[TASK DESCRIPTION]: Repeat each line of the material below exactly as it appears, minus any pictures.

[SOURCE MATERIAL]:
== == ==
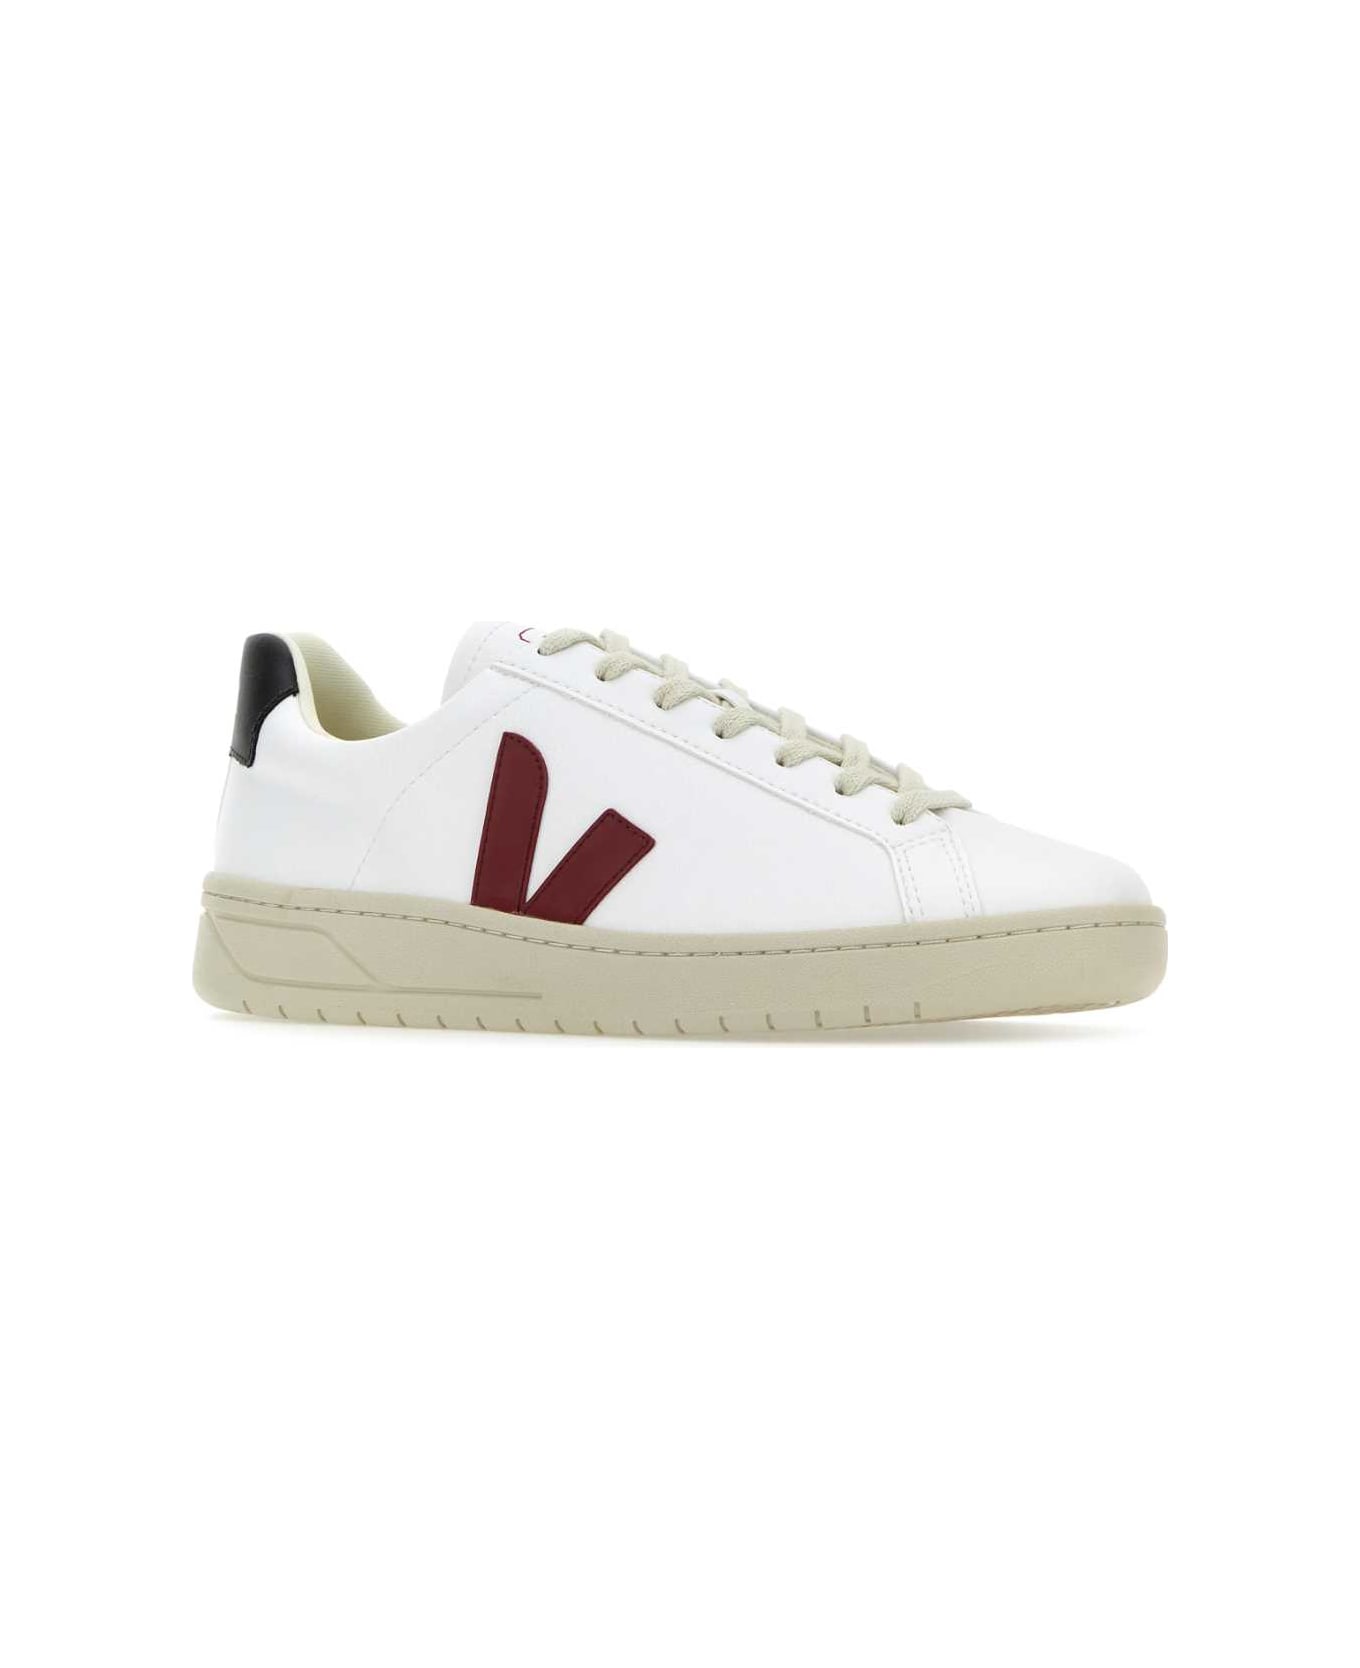 Veja White Synthetic Leather Urca Sneakers - WHITEMARSALABLACK スニーカー
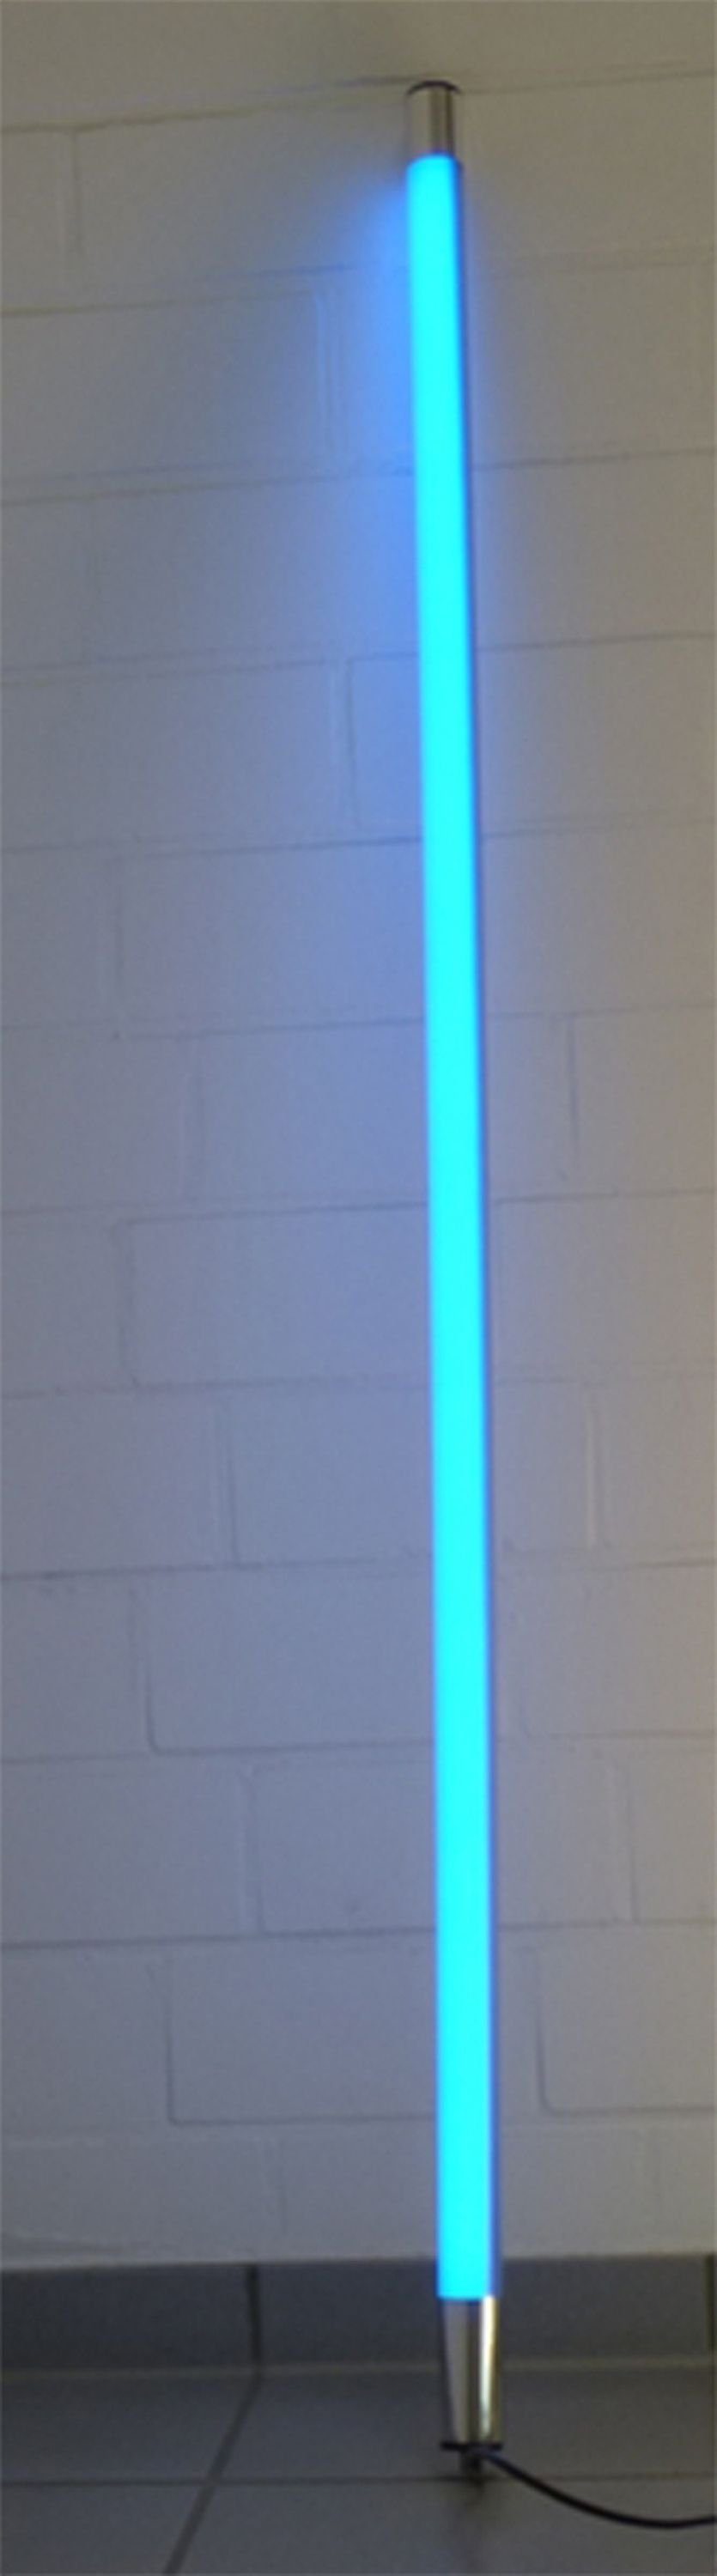 XENON LED Wandleuchte 8011 LED Leuchtstab Satiniert 1,23m Länge 2000 Lumen IP44 Außen Blau, LED Röhre T8, Xenon Blau
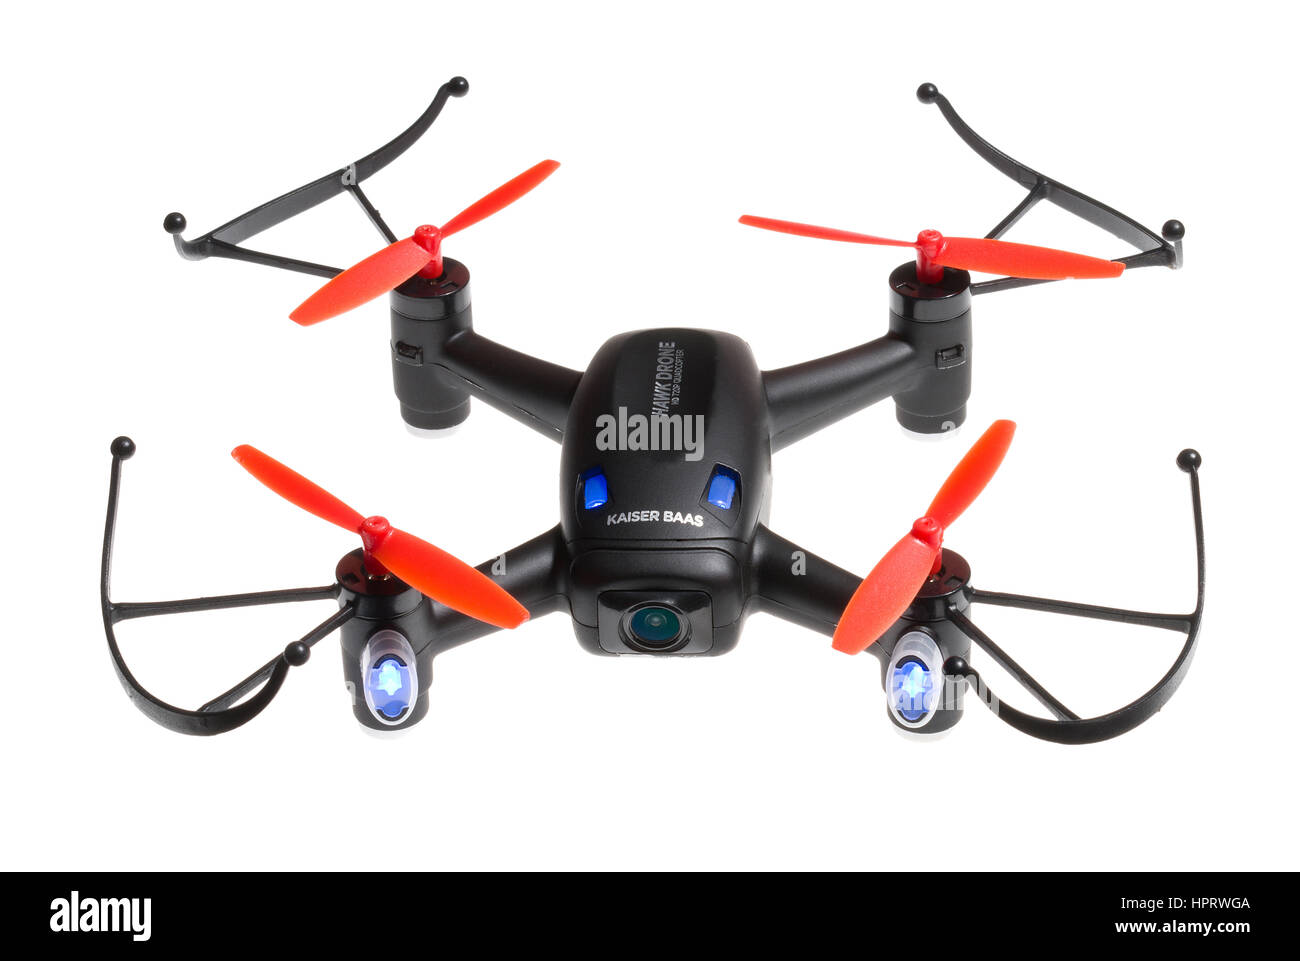 Kaiser Baas Theta drone. Camera enclosed in drone body. Stock Photo
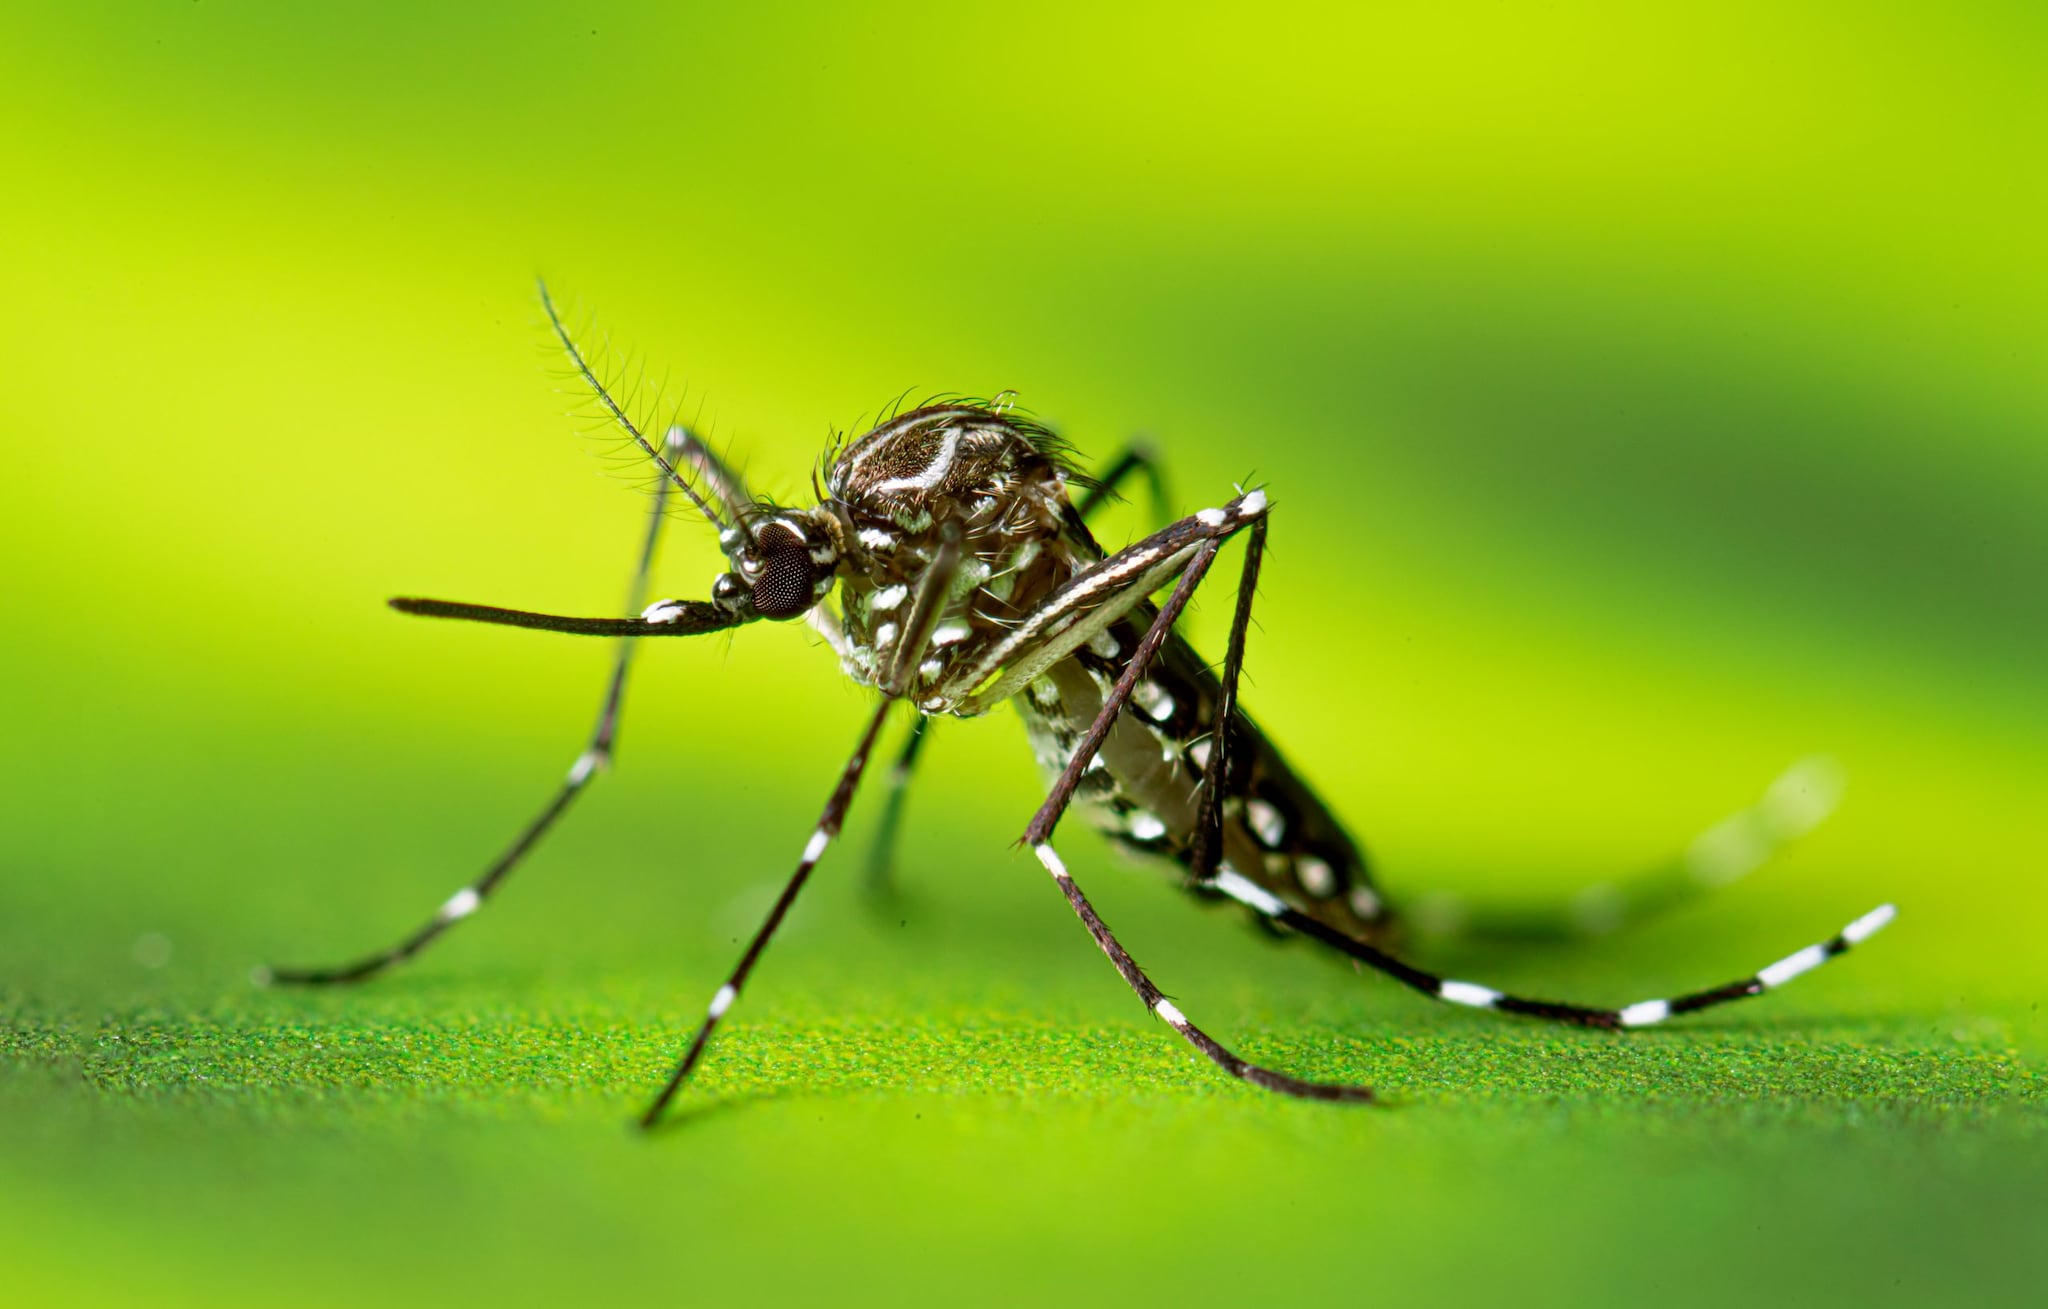 Adult female Aedes aegypti mosquito resting
== == ==
[RESULT FOR THIS EXERCISE]:
 Veja White Synthetic Leather Urca Sneakers - WHITEMARSALABLACK スニーカー
 XENON LED Wandleuchte 8011 LED Leuchtstab Satiniert 1,23m Länge 2000 Lumen IP44 Außen Blau, LED Röhre T8, Xenon Blau
 Kaiser Baas Theta drone. Camera enclosed in drone body. Stock Photo
 Adult female Aedes aegypti mosquito resting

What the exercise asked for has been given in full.